Inhibitory action of ptilomycalin A-mimic on catecholamine secretion evoked by acetylcholine from cultured bovine adrenal chromaffin cells

• Published in: Japanese Journal of Pharmacology Vol. 82; no. suppl.1; p. 125
• Main Authors: Azuma, Mami, Suzaki, Yuki, Fujimoto, Mariko, Ichimaru, Katsuhiko, Umeda, Takabumi, Kujime, Toshihide, Houchi, Hitoshi, Tamaki, Toshiaki, Minakuchi, Kazuo
• Format: Journal Article
• Language: English; Japanese
• Published: The Japanese Pharmacological Society 2000
• ISSN: 0021-5198
• DOI: 10.1016/S0021-5198(19)47963-8

Ptilomycalin A, an ATPase modulater, was isolated from the marine sponge Plilocaulis spiculfer.
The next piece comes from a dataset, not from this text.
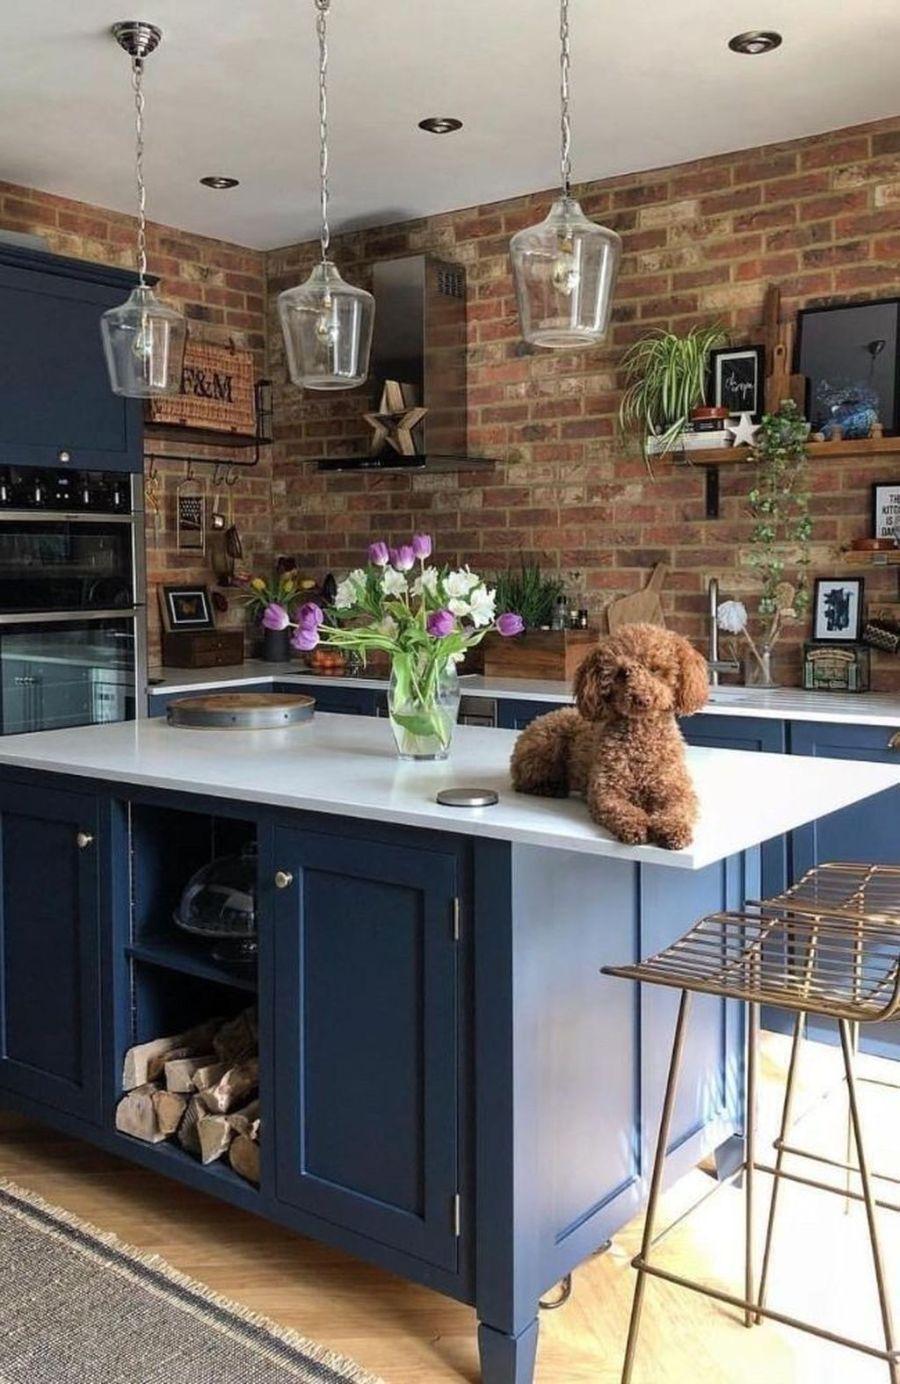 10x10 Bedroom Layout Ikea: 35 Popular Kitchen Lighting Ideas - SearcHomee

Ptilomycalin Amimic (PA-M) is a novel product which is synthesized on the model of ptilomycalin A. The effect of PA-M, the pharmacological function is unknown, on catecholamine secretion from bovine adrenal chromaffin cells was examined. PA-M inhibited catecholamine secretion stimulated by 10^-4 M acetylcholine. This inhibitory action of PA-M (10^-8 M-10^-5 M) was dose-dependent manner. At the presense of 3X10^-7 PA-M, the catecholamine secretion stimulated by increasing acetylcholine up to 10^-3 M was not observed the maximal level without PA-M. 10^-5 M PA-M suppressed both the increase in intracellular free Ca^2+ level and the influx of ^^45 Ca^2+ induced by 10^-4 M acetyicholine. The PA-M-induced suppression was not observed in the action evoked by extracellular 56mM K^+ . It is indicated that PA-M suppressed the Ca^2+ influx related with the acetylcholine receptor and inhibited the following catecholamine secretion. These results indicate that PA-M may modulate stimulus-secretion coupling in adrenal medulla.